# Viper car alarm



## bunick (Jan 22, 2012)

I purchased a 06 Outback with a Viper alarm/car start system on it and no documentation. I've found the remote start disable and Valet buttons but not the main box. Must be in or behind the dash. Is there a way to disable all but the door locks? From what I have been able to determine it is or at least looks like the 5900 model. I don't have but might get a factory keyless fob. Will it work with the system? We had this thing go off a couple times and my wife is afraid to drive it. Thanks for any advice.


----------



## Raylo (Feb 12, 2006)

If you put it in valet mode with the switch that will turn the alarm functions off but the door locks should still work with the Viper fob.


----------



## bunick (Jan 22, 2012)

Thanks I did figure that out. The only thing I don't like about that is the little security light on the console to indicate the alarm is set is on all the time except when the key is turned on. I could disable it.


----------



## Raylo (Feb 12, 2006)

Main control box is usually up under the dash above the steering column. Look for aftermarket inline fuse holders going to a bundle of wires in the steering column... or sometimes an installer will run the power from under the hood and the fuse holders can be near the battery or a terminal block where the cable originates. Pull the fuses and see if the LED goes out.
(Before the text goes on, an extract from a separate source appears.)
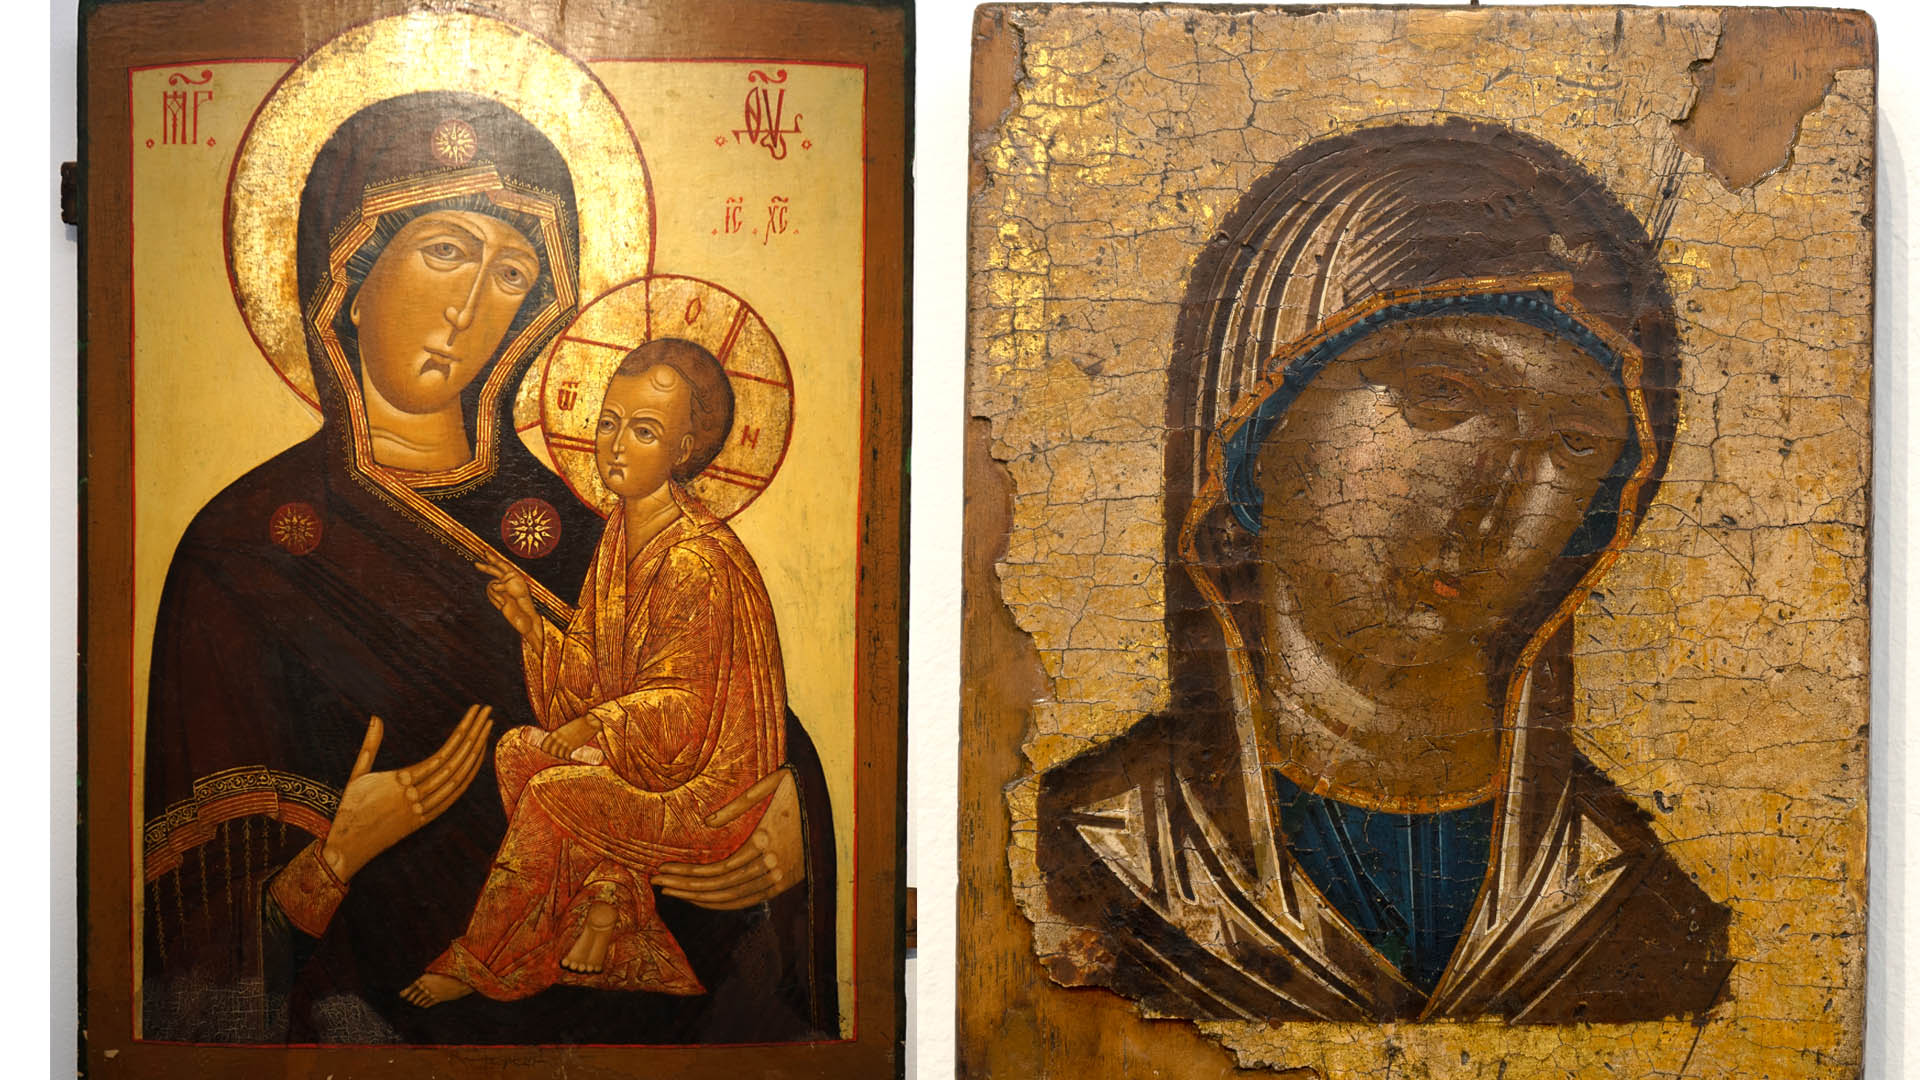 Links: Muttergottes, Griechenland, 16. Jahrhundert; Rechts: Muttergottes von Tichvin, Russland, 19. Jahrhundert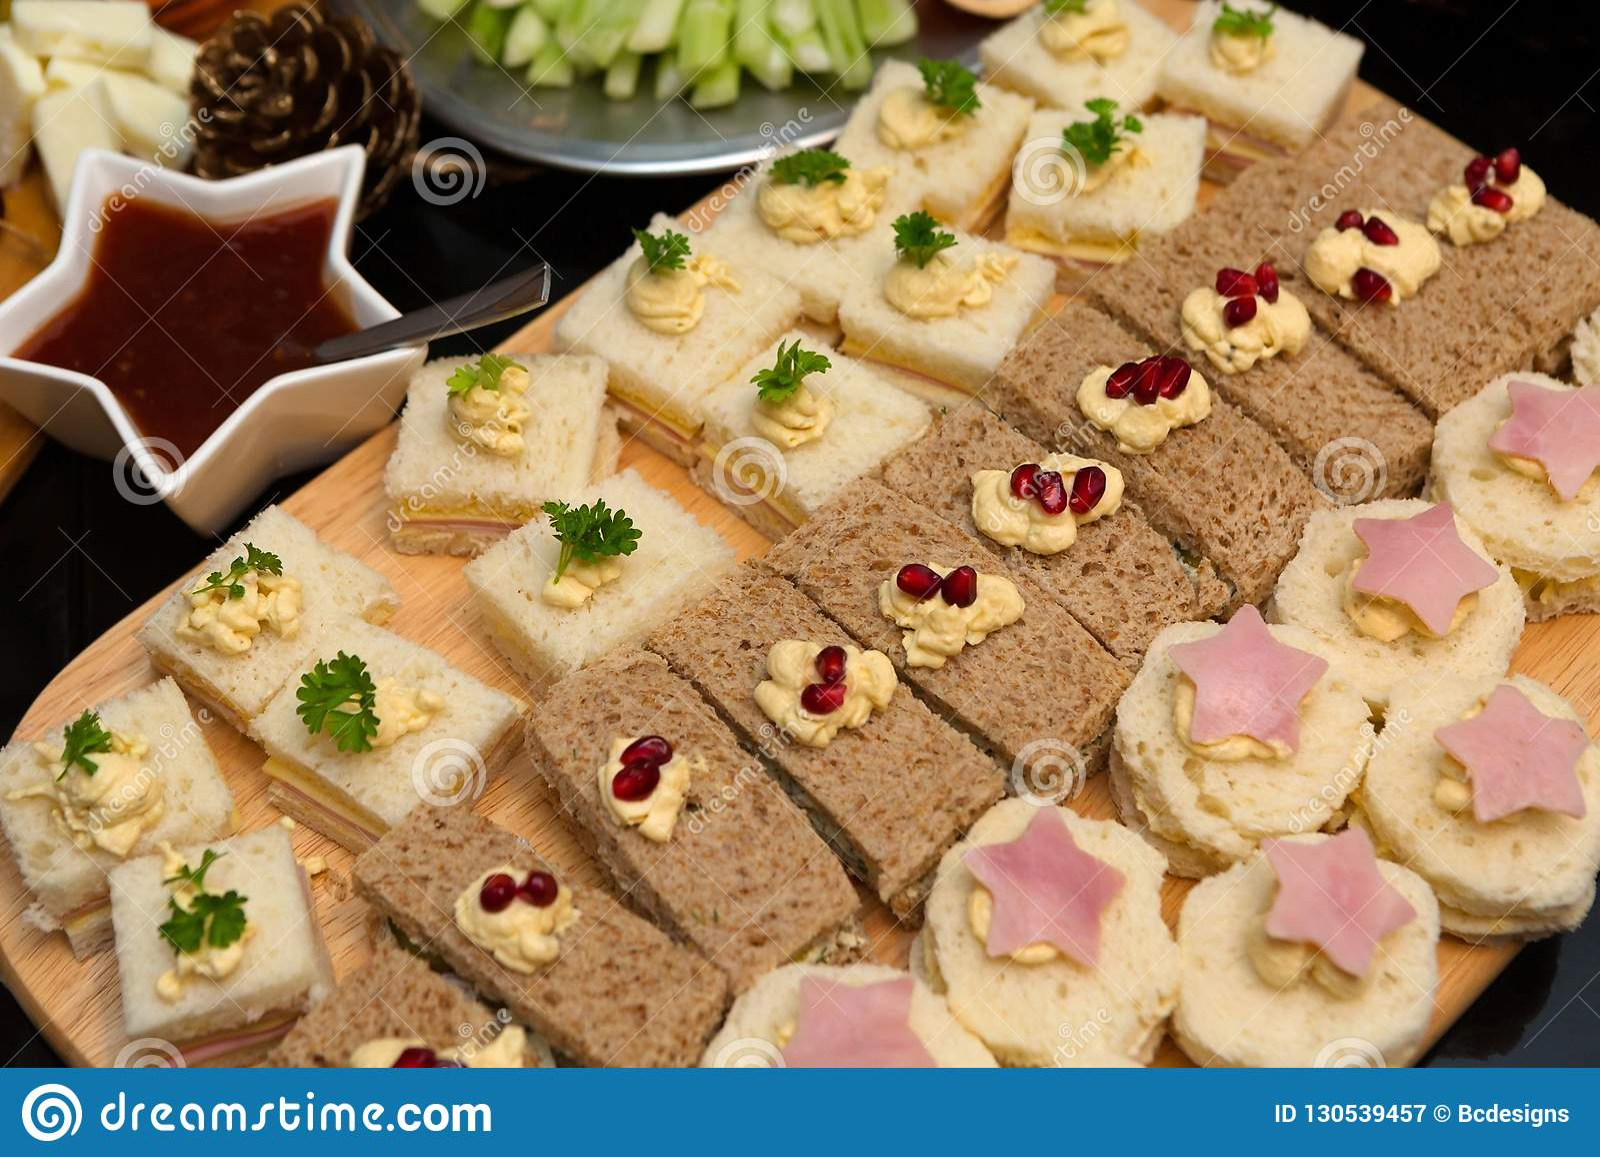 Tasty Afternoon Tea Sandwich Platter Stock Image Image Of

While you are looking around the steering colum if you come across a smallish rectangular box with a LED that lights up when you bump it that's the shock sensor (probably what is giving you false alarms). Sometimes this will be under the drivers kick panel. Tweak that to be less sensitive with a little screwdriver and that will probably fix you current issue.


----------



## bunick (Jan 22, 2012)

Thanks I did find the shock sensor when looking for the Valet button. I will look again this week end for the fuses when I have more time. I did see where they tap into the harness by the steering column. Thanks for the help.


----------



## lcurle (Oct 5, 2008)

should be a set of 3 30amp (green) fuses for the viper.


----------



## bunick (Jan 22, 2012)

Thanks I did find them.


----------



## Phoghat (Mar 28, 2012)

I've got a 2005 Chrysler PT Cruiser I bought used wit a Viper in it. Only 1 fob, which is falling apart. The alarm is a major PITA and I'd like to know where you found that valet switch, and eventually I'm taking mine out. It is garaged 24/7/365 anyway.


----------



## lcurle (Oct 5, 2008)

depends on where the installer put the switch, generally it is within reach of the driver, or in the glove box, under the dash...somewhere accessible.


----------



## Phoghat (Mar 28, 2012)

:flowers:
Thanks for the quick reply, I would really, really just like to rip out the whole dam thing and maybe put in something else ( myself, hopefully ).
Any advice at all would be greatly appreciated.
Again, thanks a bunch !


----------



## bunick (Jan 22, 2012)

Mine wasn't in a spot that was real easly to get to. It was down under the dash by the fire wall. I had to look for a little while. I remove all of mine, bought a factory key fob and all is well. Thanks


----------



## Phoghat (Mar 28, 2012)

What does it look like?Is it just a white push button, or red or ?


----------



## bunick (Jan 22, 2012)

Mine was black push button. I will try attaching a picture after I took it out. It's the push button in the lower center. Good luck


----------